Task prompt.
For the material below, the expected output is exactly the lines between the line holding "Nett Installation In" and the line holding "Alternate Image 3", inclusive, with pictures left out.

Task data.
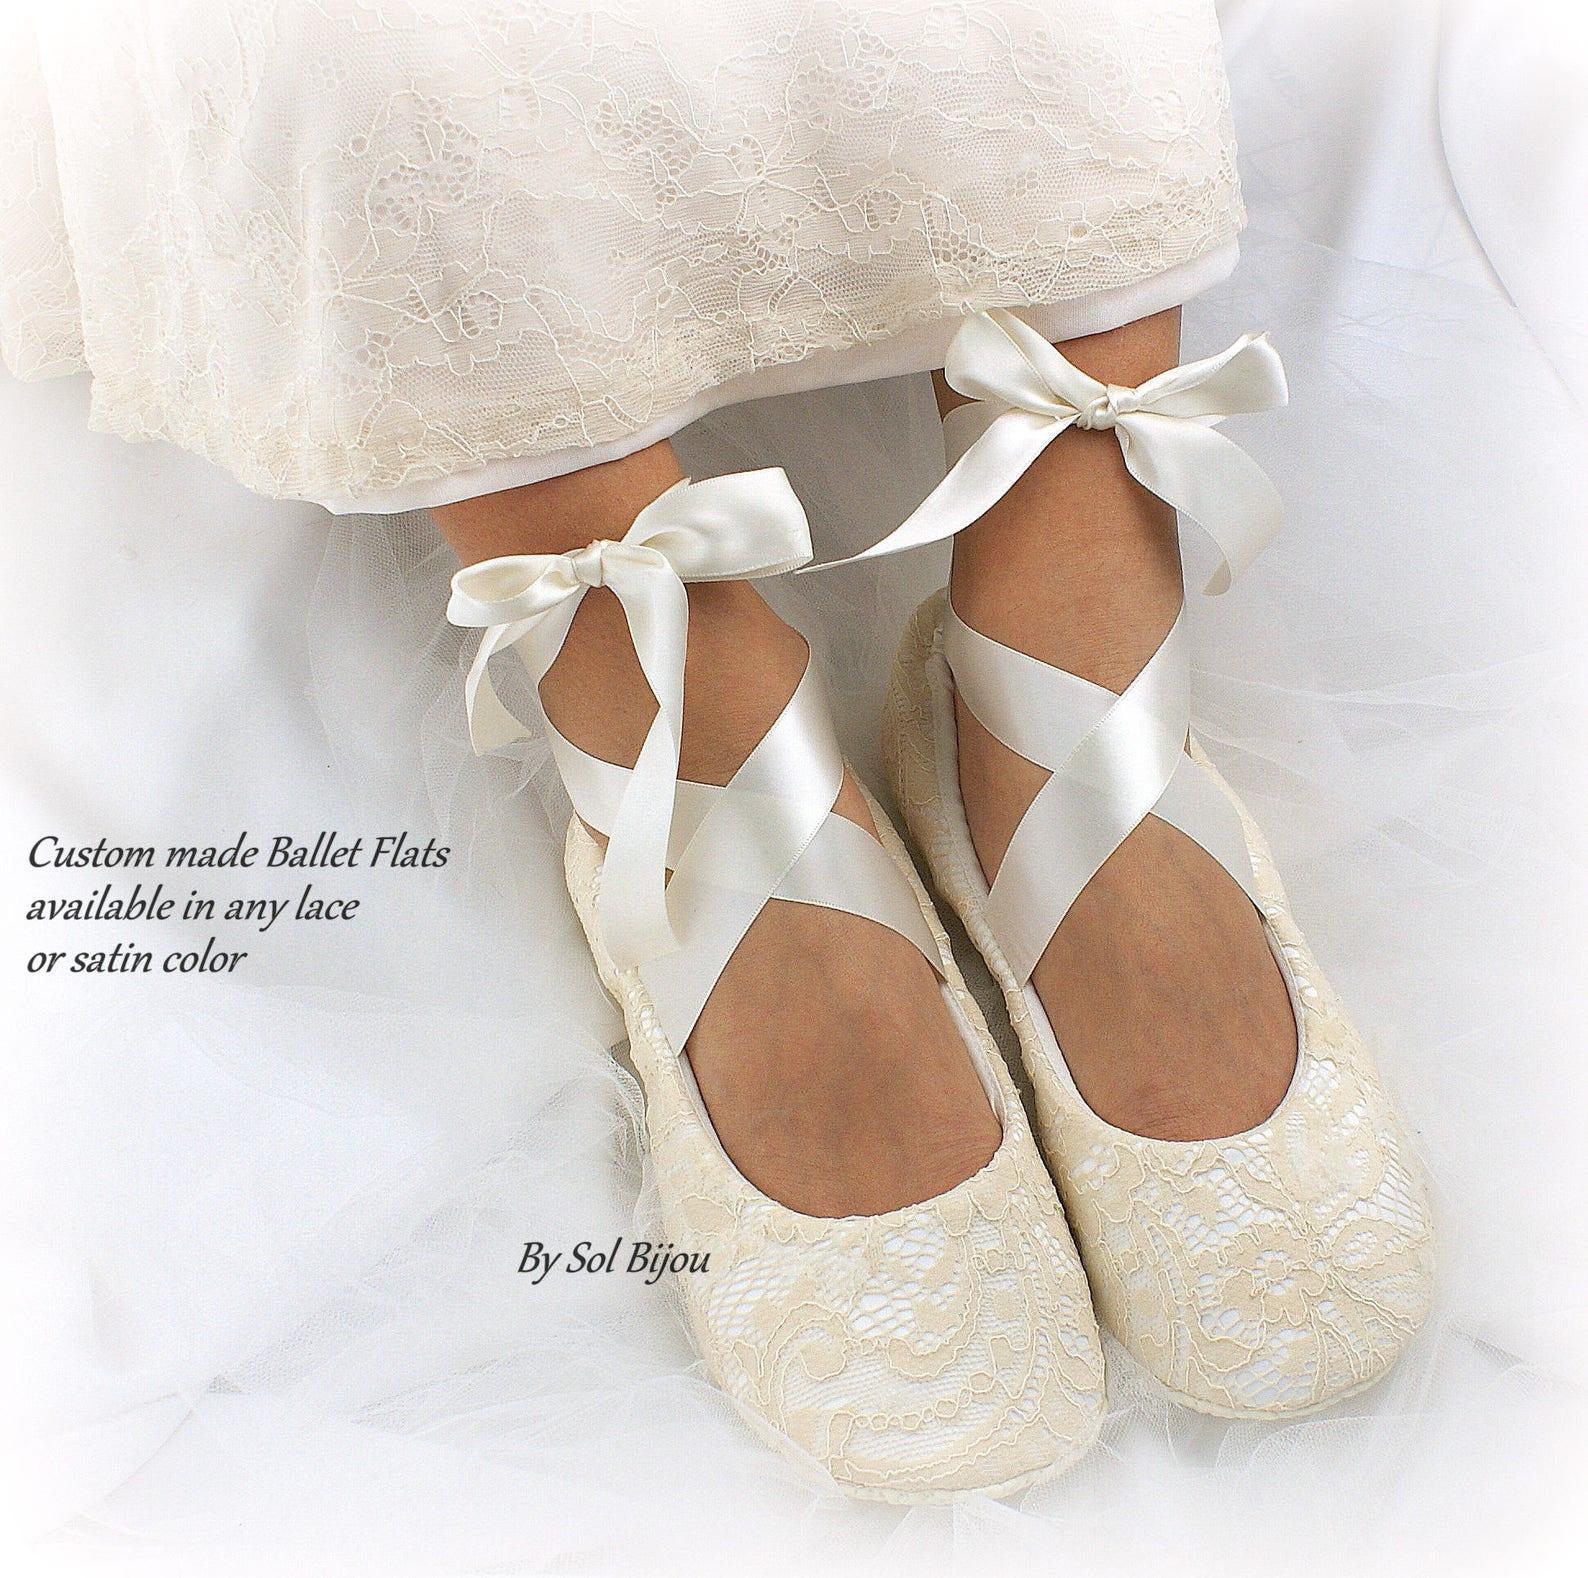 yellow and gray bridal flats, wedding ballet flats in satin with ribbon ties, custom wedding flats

--

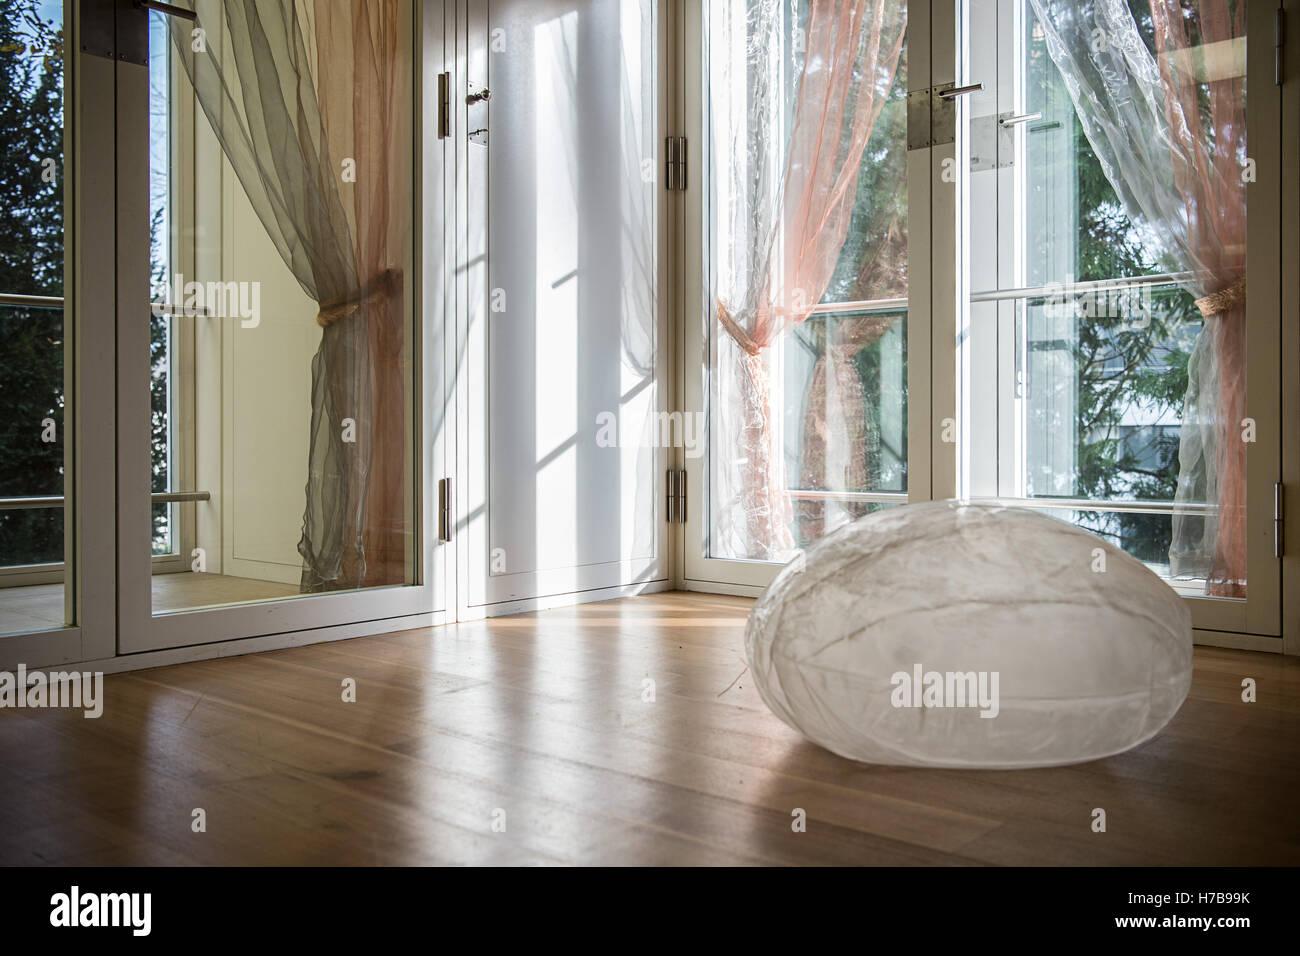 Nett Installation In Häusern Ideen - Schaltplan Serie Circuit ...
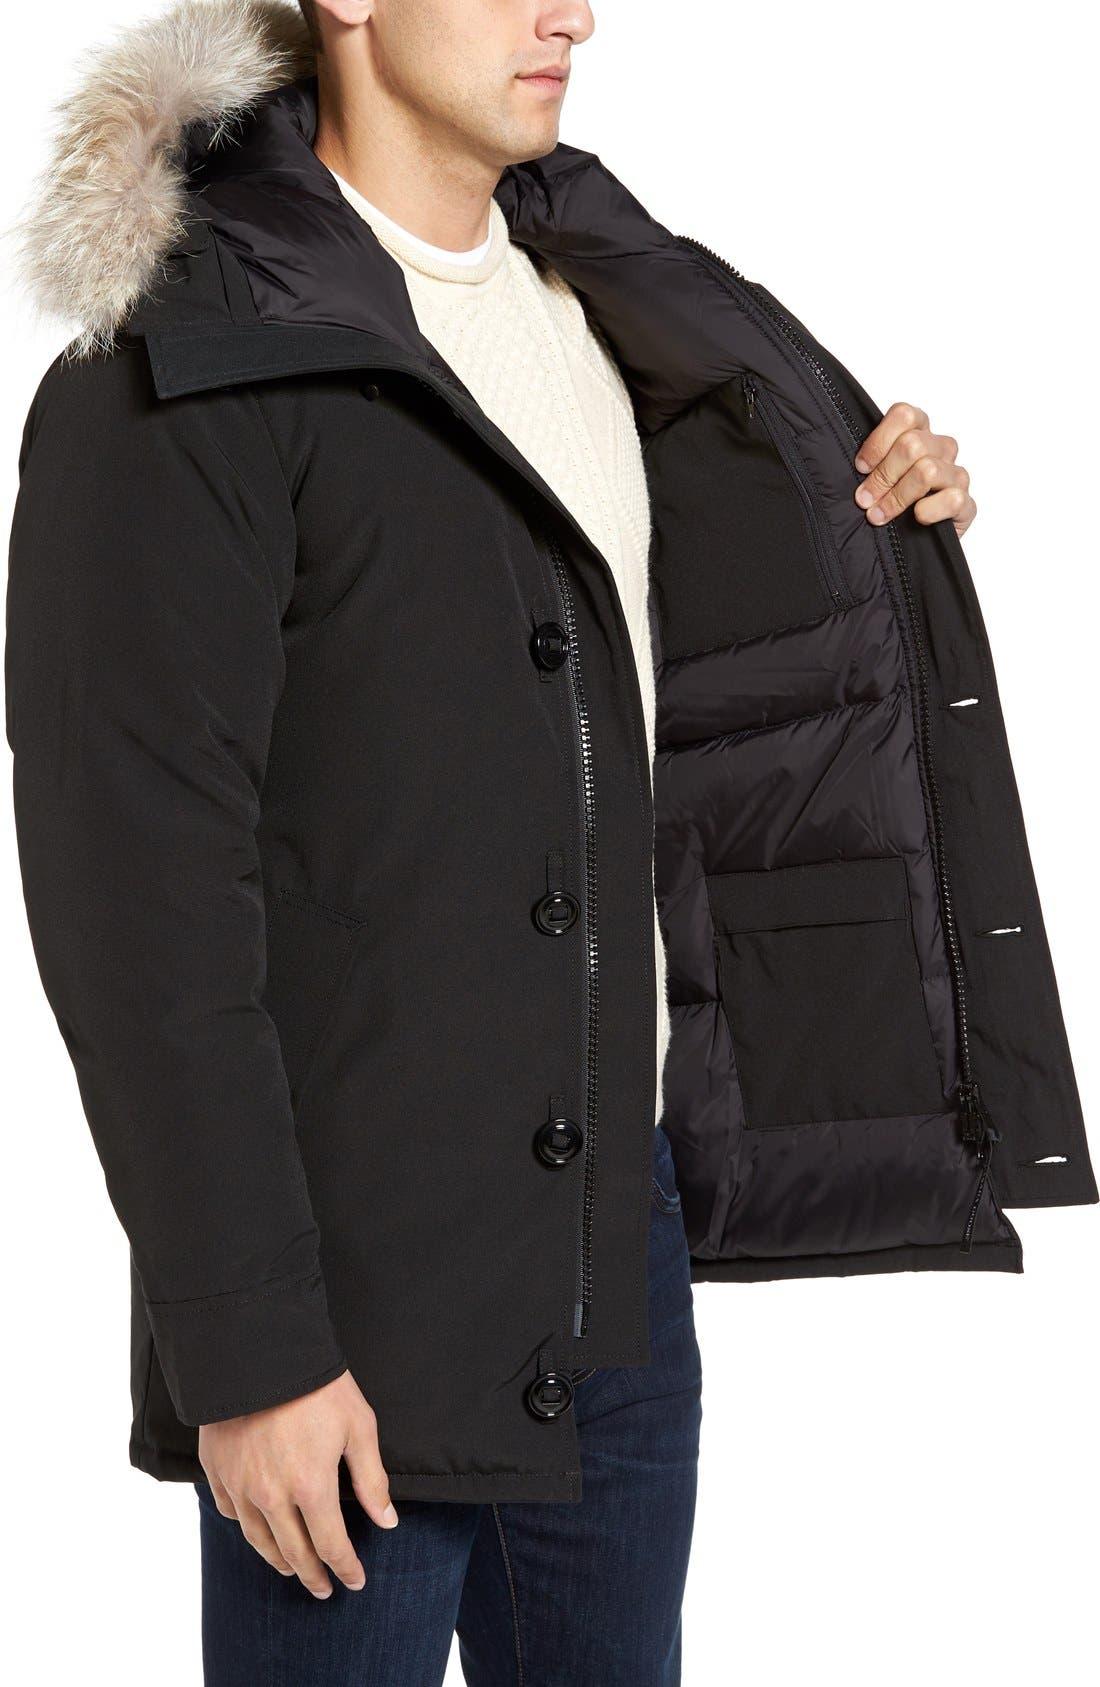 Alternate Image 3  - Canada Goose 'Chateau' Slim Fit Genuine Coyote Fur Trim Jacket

Response area.
 Nett Installation In Häusern Ideen - Schaltplan Serie Circuit ...
 Alternate Image 3  - Canada Goose 'Chateau' Slim Fit Genuine Coyote Fur Trim Jacket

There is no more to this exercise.